- Thomas A. Bliss at the Cannes Film Festival in 2004
- Born: Thomas Albert Bliss December 13, 1952 (age 73) Hollywood, California, U.S.
- Education: UCLA Film School UCLA School of Law
- Occupation: Film producer
- Years active: 1984–present
- Organization: Strike Entertainment

= Thomas Bliss =

American film producer

Thomas Albert Bliss (born December 13, 1952) is an American motion picture producer and executive producer. He is a founding partner at Strike Entertainment.

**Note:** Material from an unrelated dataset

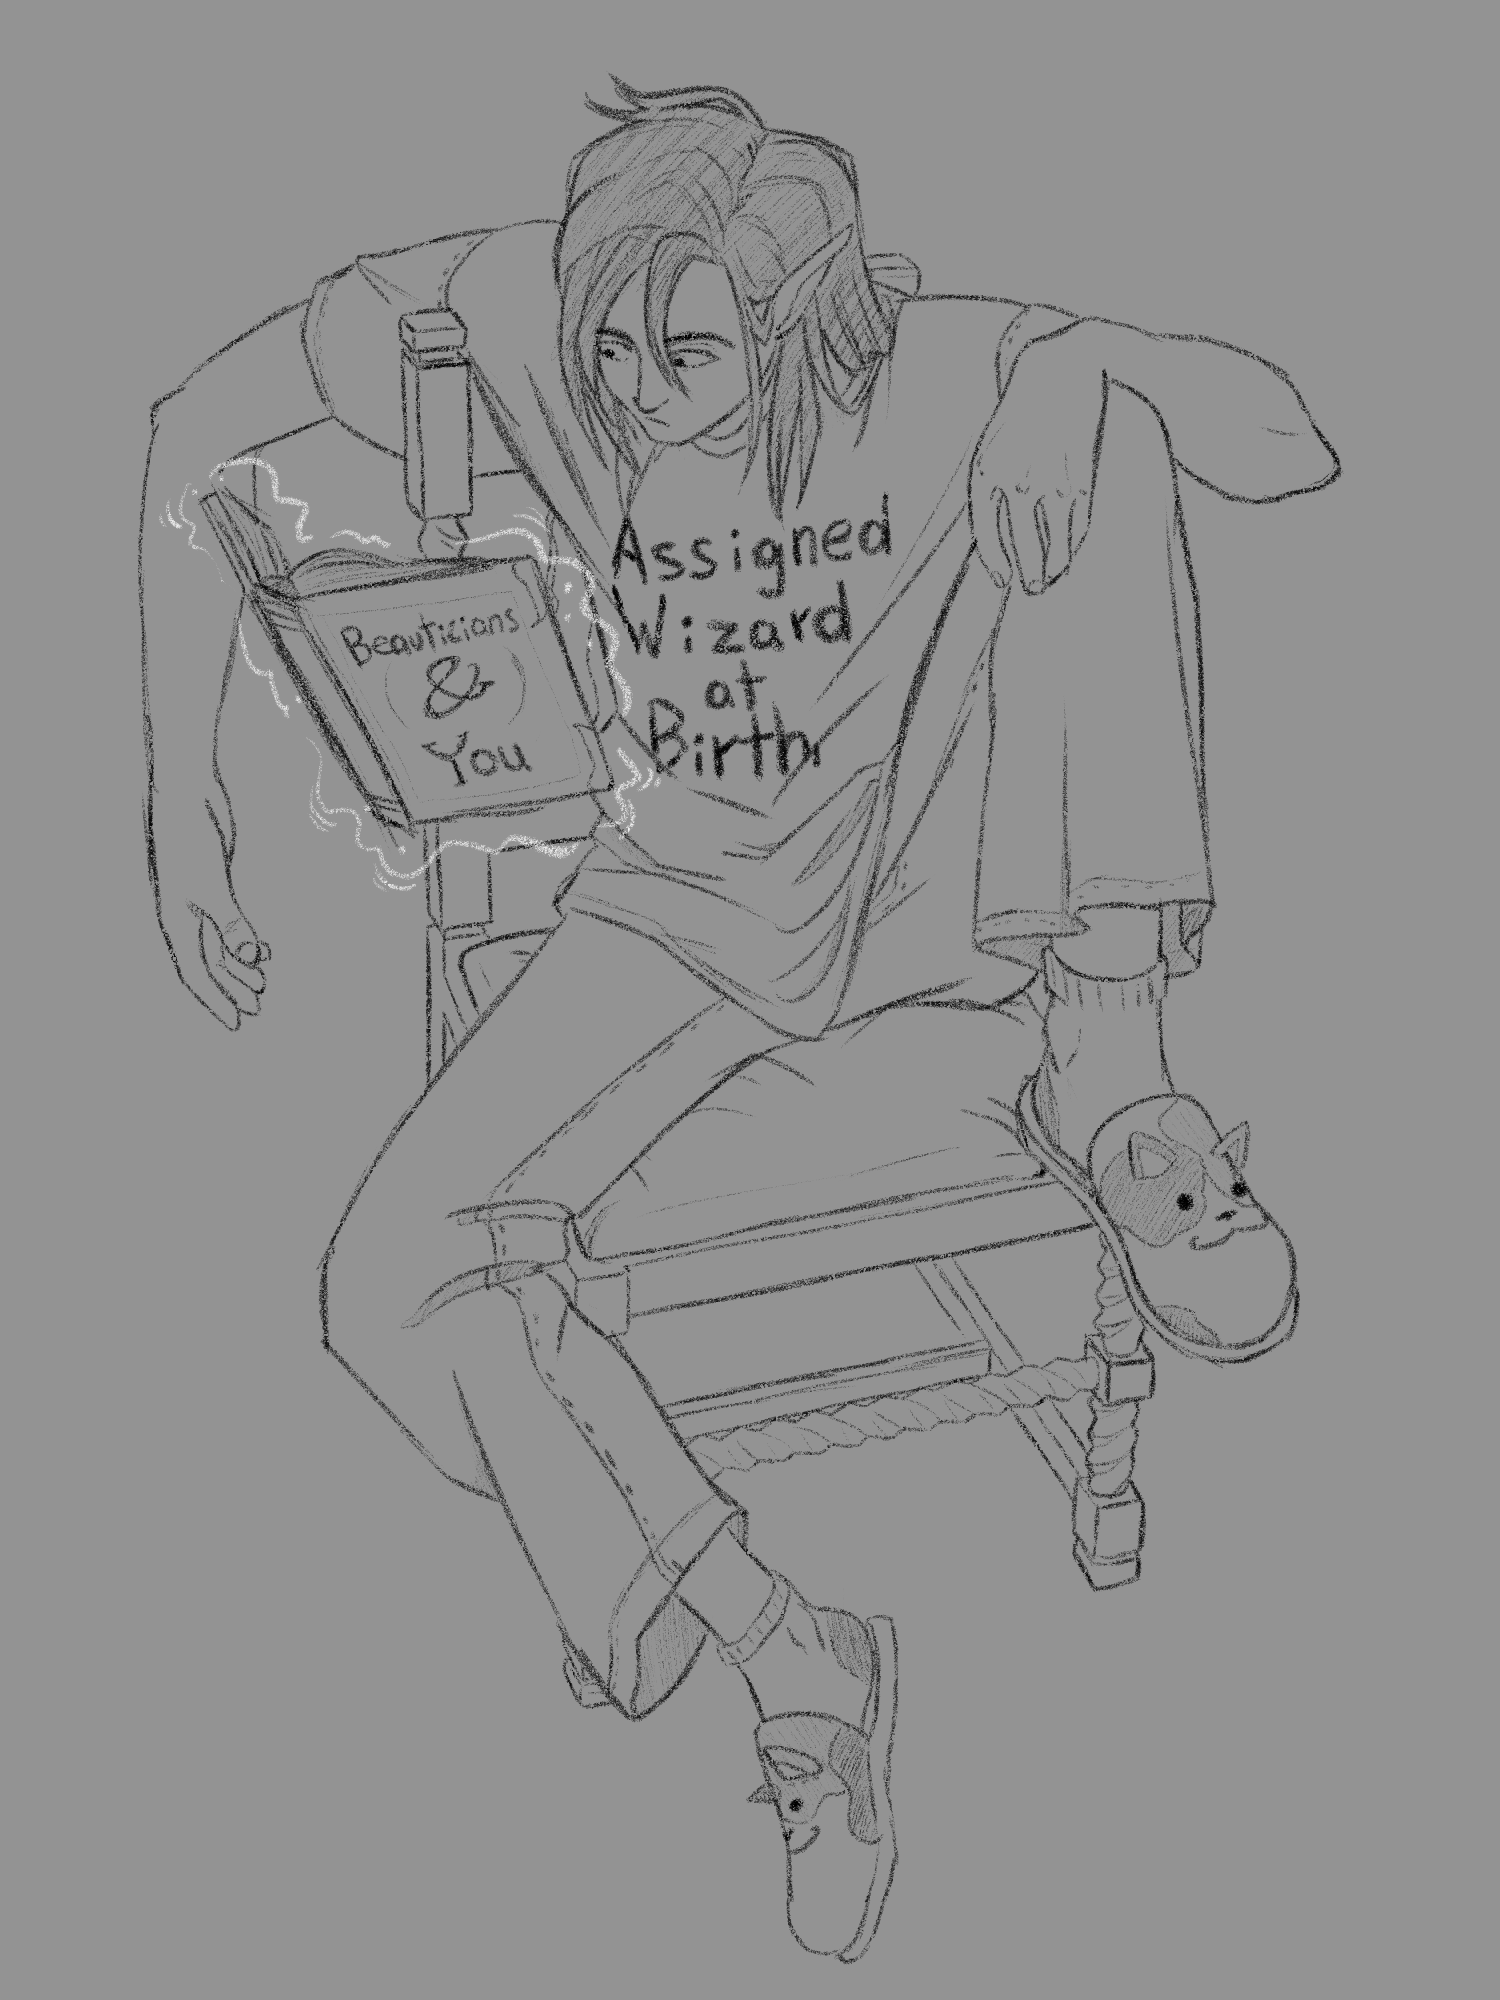 A monochrome sketch of Zelphar, an elf, sitting in a chair in an exaggerated pose. He's wearing a baggy shirt that says 'Assigned Wizard at Birth,' pajama pants, and calico cat slippers. He's reading a book magically levitating in front of him titled, 'Beauticians & You.'

From 1984 to the present, Bliss has been credited with producing more than 30 productions (including The Hurricane and Air Force One)

==Career==
Bliss attended UCLA Film School (1975), later returning to UCLA School of Law for law school (Juris Doctor, 1982). He was admitted to The State Bar of California in 1983. Bliss is a graduate of Directors Guild of America Producers Training Plan.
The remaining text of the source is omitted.